== Segment start ==

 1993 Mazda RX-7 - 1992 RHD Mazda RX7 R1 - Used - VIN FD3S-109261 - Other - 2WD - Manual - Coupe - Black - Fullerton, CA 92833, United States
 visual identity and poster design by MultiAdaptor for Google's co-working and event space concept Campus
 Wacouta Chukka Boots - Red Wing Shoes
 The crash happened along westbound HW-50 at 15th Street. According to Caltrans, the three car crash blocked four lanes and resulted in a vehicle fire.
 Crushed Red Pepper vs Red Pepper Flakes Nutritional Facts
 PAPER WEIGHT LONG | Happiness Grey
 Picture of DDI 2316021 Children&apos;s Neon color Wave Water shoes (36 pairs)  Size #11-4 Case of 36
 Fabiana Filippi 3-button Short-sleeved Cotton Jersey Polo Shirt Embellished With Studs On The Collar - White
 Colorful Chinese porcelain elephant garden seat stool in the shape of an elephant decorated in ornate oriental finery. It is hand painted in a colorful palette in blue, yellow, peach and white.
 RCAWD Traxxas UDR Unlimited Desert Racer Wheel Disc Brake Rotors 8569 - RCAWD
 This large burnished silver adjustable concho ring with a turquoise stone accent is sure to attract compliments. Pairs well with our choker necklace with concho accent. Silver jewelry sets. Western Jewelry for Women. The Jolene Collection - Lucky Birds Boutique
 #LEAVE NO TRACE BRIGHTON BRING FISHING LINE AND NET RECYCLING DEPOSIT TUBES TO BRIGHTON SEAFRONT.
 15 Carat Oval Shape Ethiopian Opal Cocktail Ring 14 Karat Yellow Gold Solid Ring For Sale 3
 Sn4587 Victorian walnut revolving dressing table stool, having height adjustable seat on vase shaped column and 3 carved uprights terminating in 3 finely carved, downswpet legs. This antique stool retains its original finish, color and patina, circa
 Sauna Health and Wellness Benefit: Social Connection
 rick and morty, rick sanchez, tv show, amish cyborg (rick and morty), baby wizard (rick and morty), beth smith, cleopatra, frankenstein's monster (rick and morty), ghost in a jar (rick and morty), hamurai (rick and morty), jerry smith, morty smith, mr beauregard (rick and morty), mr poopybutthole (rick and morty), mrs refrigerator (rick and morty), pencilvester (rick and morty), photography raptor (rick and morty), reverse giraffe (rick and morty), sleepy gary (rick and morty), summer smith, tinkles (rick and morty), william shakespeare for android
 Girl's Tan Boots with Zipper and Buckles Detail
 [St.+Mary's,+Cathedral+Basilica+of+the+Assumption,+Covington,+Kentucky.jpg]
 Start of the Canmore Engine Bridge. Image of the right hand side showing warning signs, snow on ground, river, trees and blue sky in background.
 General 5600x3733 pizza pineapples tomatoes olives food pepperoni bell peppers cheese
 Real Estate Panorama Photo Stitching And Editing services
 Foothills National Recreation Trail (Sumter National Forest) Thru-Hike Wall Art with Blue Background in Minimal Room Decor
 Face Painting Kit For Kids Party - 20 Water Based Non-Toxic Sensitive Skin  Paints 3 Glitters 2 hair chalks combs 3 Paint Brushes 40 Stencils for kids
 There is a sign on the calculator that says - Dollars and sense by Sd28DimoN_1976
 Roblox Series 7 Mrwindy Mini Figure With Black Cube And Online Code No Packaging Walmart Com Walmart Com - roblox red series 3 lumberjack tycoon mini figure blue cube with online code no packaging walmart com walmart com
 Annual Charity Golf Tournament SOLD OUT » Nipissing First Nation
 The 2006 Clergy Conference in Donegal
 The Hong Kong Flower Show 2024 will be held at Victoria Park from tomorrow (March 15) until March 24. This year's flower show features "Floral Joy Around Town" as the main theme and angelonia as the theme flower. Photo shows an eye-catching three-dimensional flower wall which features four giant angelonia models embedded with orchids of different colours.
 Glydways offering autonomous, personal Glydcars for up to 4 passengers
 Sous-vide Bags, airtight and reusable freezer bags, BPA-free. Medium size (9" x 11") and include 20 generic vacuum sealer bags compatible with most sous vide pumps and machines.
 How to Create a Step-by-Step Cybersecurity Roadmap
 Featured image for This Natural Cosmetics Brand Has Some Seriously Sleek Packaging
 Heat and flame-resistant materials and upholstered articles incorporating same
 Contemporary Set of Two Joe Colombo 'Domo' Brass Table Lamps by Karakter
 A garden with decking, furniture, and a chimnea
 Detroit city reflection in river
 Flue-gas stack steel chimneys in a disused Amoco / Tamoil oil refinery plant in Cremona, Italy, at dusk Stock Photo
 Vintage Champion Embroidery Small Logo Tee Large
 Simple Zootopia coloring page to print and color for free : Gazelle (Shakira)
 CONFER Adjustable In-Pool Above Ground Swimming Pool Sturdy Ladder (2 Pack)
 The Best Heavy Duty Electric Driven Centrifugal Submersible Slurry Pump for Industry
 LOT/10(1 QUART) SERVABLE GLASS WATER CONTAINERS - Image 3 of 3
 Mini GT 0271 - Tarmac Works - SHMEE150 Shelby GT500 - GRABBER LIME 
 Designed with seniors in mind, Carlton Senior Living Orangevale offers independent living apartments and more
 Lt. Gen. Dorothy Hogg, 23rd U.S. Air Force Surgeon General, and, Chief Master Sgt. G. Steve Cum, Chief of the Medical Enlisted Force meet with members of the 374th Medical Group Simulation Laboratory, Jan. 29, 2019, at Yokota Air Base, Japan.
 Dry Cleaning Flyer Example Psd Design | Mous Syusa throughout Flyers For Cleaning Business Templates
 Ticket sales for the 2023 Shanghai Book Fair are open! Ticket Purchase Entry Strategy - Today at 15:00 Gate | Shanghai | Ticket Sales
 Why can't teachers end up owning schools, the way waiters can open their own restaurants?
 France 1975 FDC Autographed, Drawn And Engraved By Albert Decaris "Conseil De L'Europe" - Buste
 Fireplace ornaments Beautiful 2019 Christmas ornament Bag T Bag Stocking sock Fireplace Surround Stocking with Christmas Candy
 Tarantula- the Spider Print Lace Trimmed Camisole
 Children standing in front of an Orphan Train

== Segment end ==

Check each line above for the string "garden" and return those that contain it.

Solution →
 Colorful Chinese porcelain elephant garden seat stool in the shape of an elephant decorated in ornate oriental finery. It is hand painted in a colorful palette in blue, yellow, peach and white.
 A garden with decking, furniture, and a chimnea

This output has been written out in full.